El gradualismo neopopulista con el que Mauricio Macri conformó y conquistó, primero, a sus propios aliados y, luego, a parte de sus opositores, ha terminado con el mismo resultado de siempre: se acabaron los dólares. Previsible y triste final que confirma innecesariamente que, cuando se hace lo mismo que fracasó antes, se obtiene siempre el mismo resultado, cualquiera fuere el discurso.
El dispendio en el gasto, los efectos de una política monetaria bipolar y un tipo de cambio que convocaba a la especulación, al carry trade y el ataque político contra las tarifas —increíblemente azuzado por la inefable Elisa Carrió— terminó por crear una cárcel de la que el equipo económico no pudo salir. Así, no quiso dejar que el tipo de cambio se reacomodara, como debió ocurrir, para que eso no presionara sobre la inflación, ni seguir regalando dólares baratos a la especulación que había consentido con un cierto placer.

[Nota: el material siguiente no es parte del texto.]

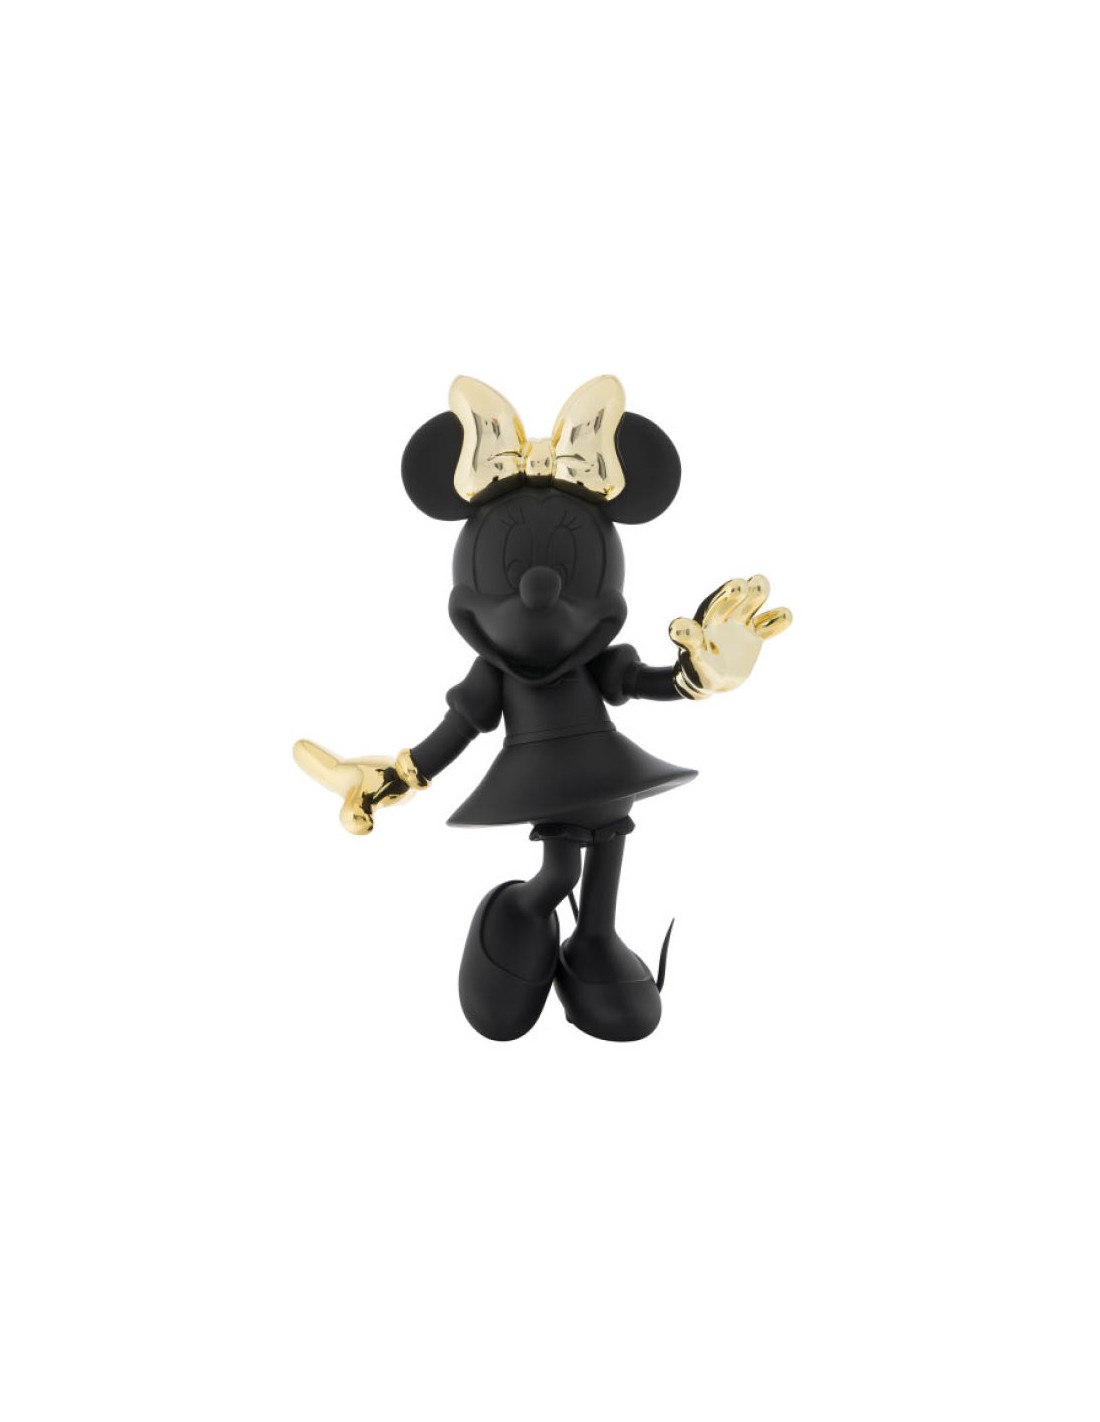 Découvrez nos figurines l figurine Minnie noir et or l Le cadeau

Los prestamistas globales se resistieron antes de lo previsto a seguir dándole dólares a un modelo que los pulveriza de inmediato en la picadora del carrusel del endeudamiento externo con alta tasa, cuando no se neutraliza además con endeudamiento interno de alta tasa. Eso paralizó no solo el nunca plasmado sueño simplista de la inversión de largo plazo, sino el mimado programa de obras públicas por PPP (otro sueño que se gestó con otro macrismo, el de Franco Macri, allá en 1990) que alinearía gobernadores y alegraría a contratistas. El valor de los bonos en circulación y las compulsas con los bancos operadores mostraban que cualquier nuevo endeudamiento sería insostenible política y económicamente.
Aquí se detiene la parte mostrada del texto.